What is the appropriate amount of costs to award?
[14] Having found that costs are payable to the Plaintiffs, I must now determine what is a reasonable amount to be paid.
[15] In considering the amount of the costs award I am guided by the factors outlined in Rule 57.01 of the Rules of Civil Procedure. Rule 57.01 provides, in part, as follows:
57.01 (1) In exercising its discretion under section 131 of the Courts of Justice Act to award costs, the court may consider, in addition to the result in the proceeding and any offer to settle or to contribute made in writing,
(0.a) the principle of indemnity, including, where applicable, the experience of the lawyer for the party entitled to the costs as well as the rates charged and the hours spent by that lawyer; (0.b) the amount of costs that an unsuccessful party could reasonably expect to pay in relation to the step in the proceeding for which costs are being fixed; (a) the amount claimed and the amount recovered in the proceeding; (b) the apportionment of liability; (c) the complexity of the proceeding; (d) the importance of the issues; (e) the conduct of any party that tended to shorten or to lengthen unnecessarily the duration of the proceeding; (f) whether any step in the proceeding was, (i) improper, vexatious or unnecessary, or (ii) taken through negligence, mistake or excessive caution; (g) a party’s denial of or refusal to admit anything that should have been admitted; (h) whether it is appropriate to award any costs or more than one set of costs where a party, (i) commenced separate proceedings for claims that should have been made in one proceeding, or (ii) in defending a proceeding separated unnecessarily from another party in the same interest or defended by a different lawyer; (h.1) whether a party unreasonably objected to proceeding by telephone conference or video conference under rule 1.08; and (i) any other matter relevant to the question of costs. R.R.O. 1990, Reg. 194, r. 57.01 (1); O. Reg. 627/98, s. 6; O. Reg. 42/05, s. 4 (1); O. Reg. 575/07, s. 1; O. Reg. 689/20, s. 37.
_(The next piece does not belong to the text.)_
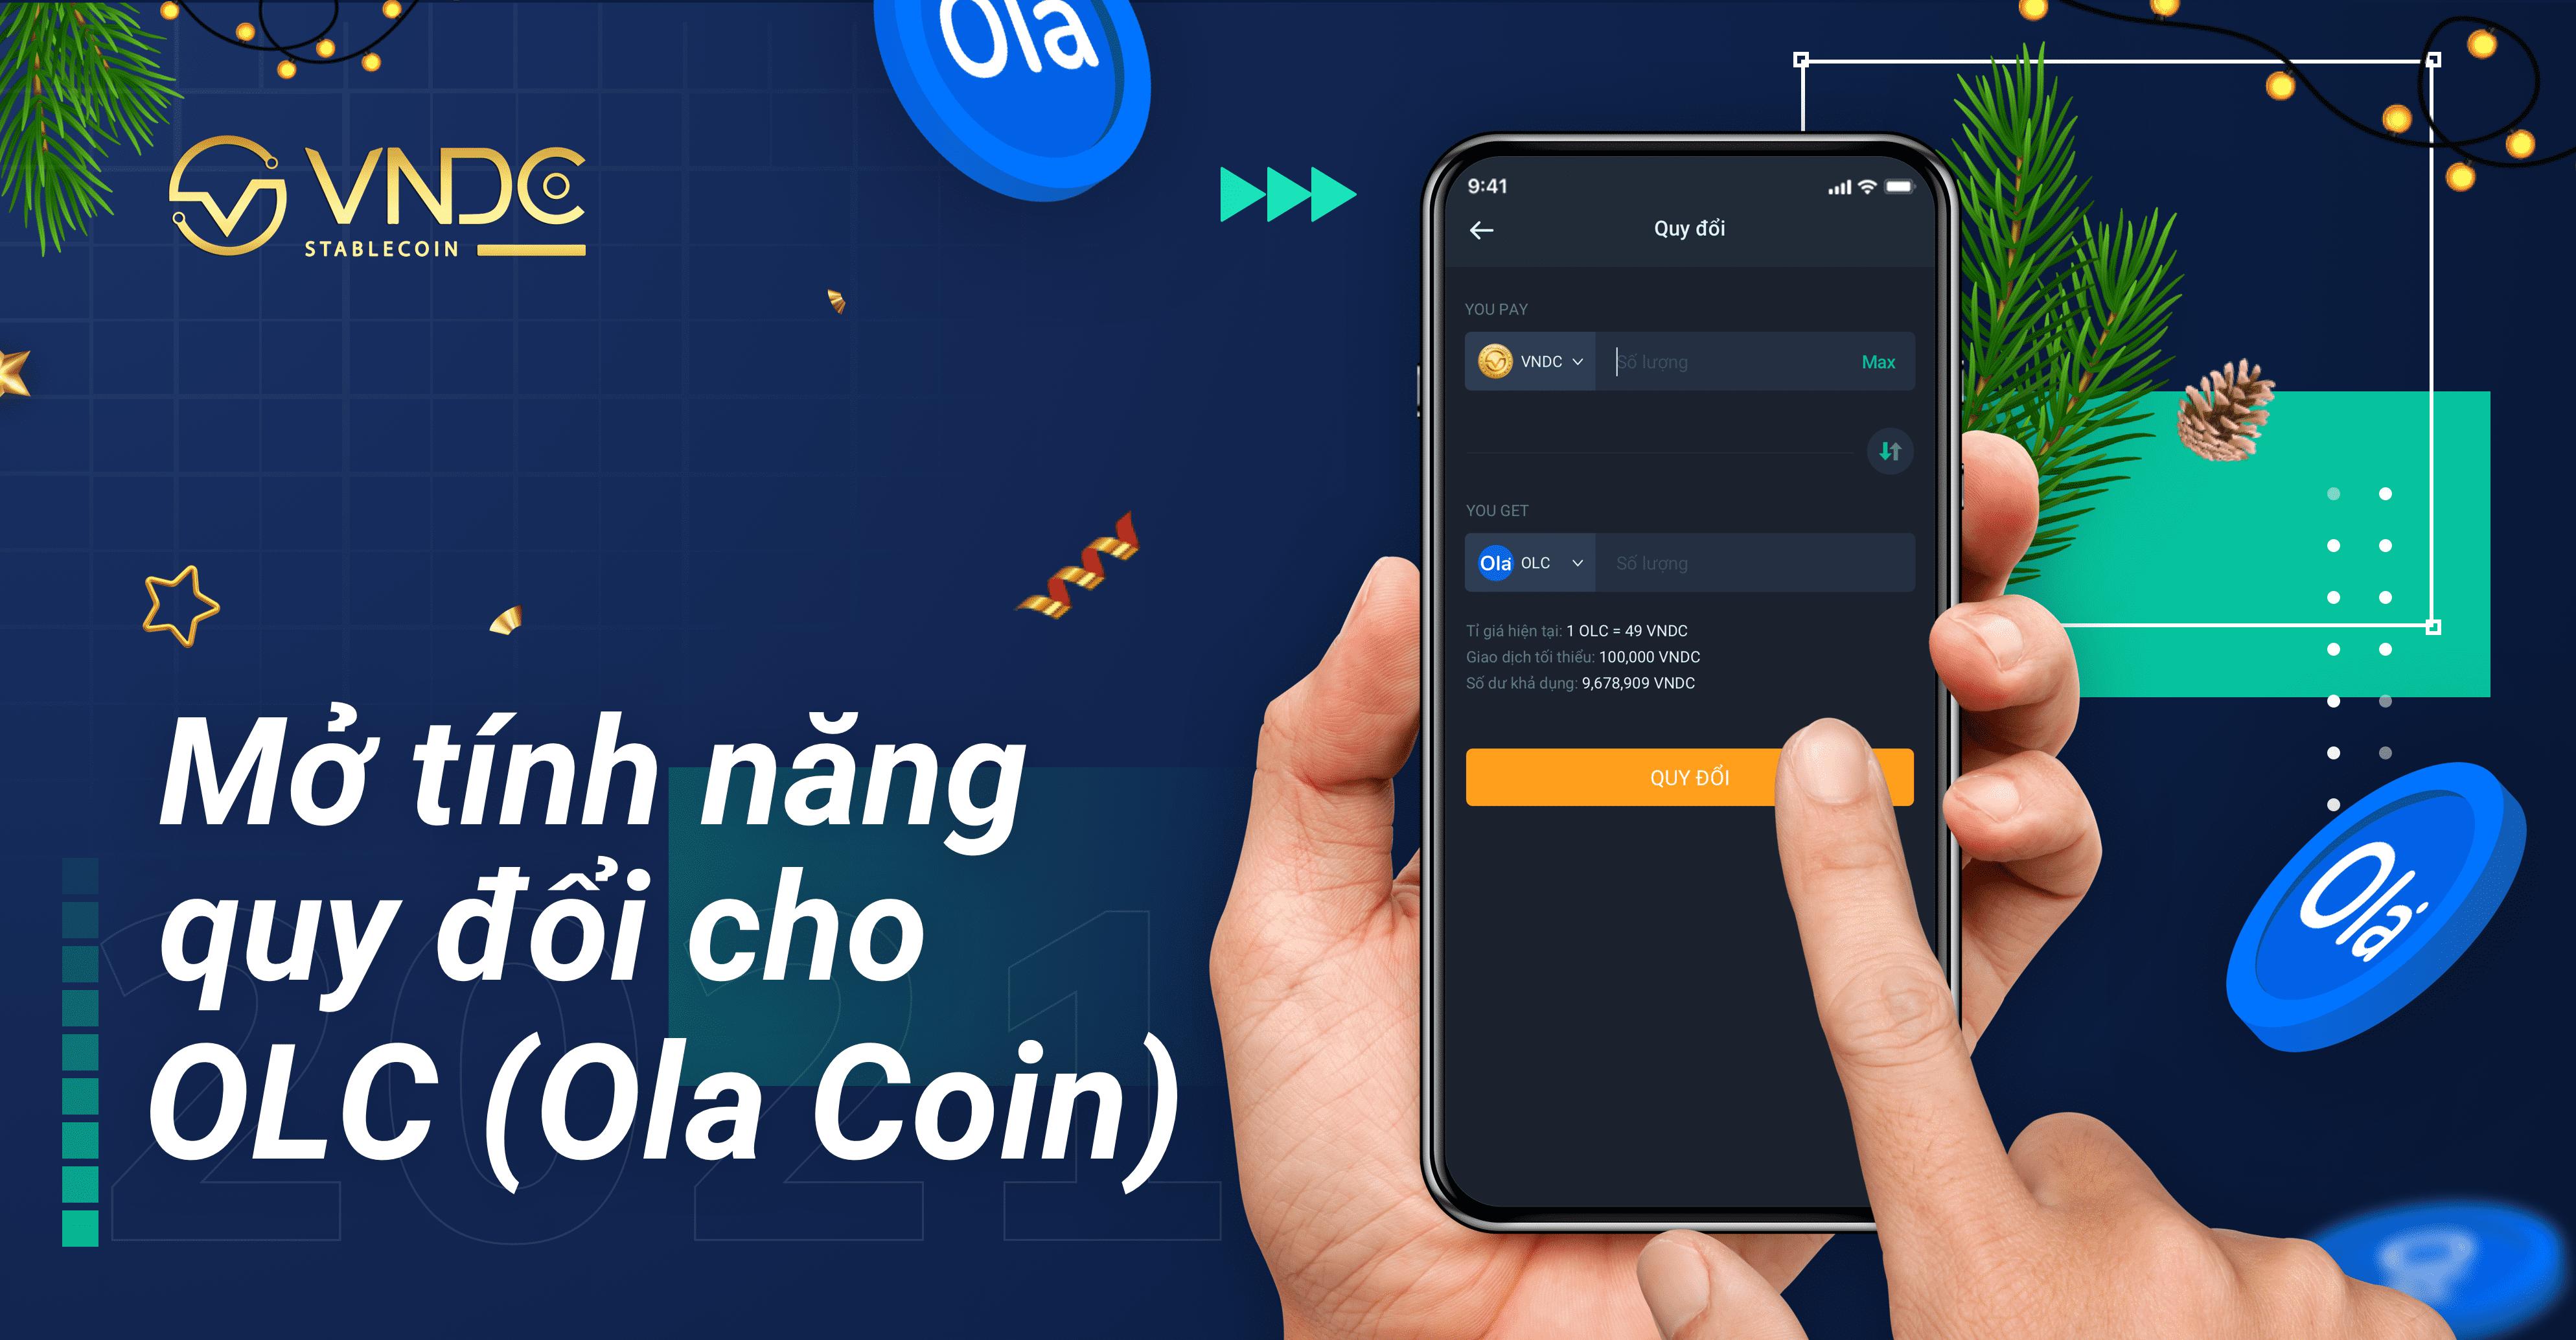 VNDC mở tính năng quy đổi cho OLC (Ola Coin)

[16] I further note that the Ontario Court of Appeal has made it clear that in assessing costs, the overriding principle is one of reasonableness, and that the failure to follow that principle can produce a result that is contrary to the fundamental objective of access to justice (Boucher v. Public Accountants Council for the Province of Ontario, (2004), 71 OR (3d) 291 (Ont CA) at para. 37).
[17] Additionally, with respect to s. 137.1 motions, Justice Pepall in Park Lawn, at paras. 39 and 40, noted that anti-SLAPP motions are meant to be efficient and inexpensive. He suggested as a guideline that costs generally should not exceed $50,000 on a full indemnity basis. The costs sought by the Plaintiffs equate to $37,996.25 on a full indemnity basis, and therefore the guideline set by the Court of Appeal is not exceeded.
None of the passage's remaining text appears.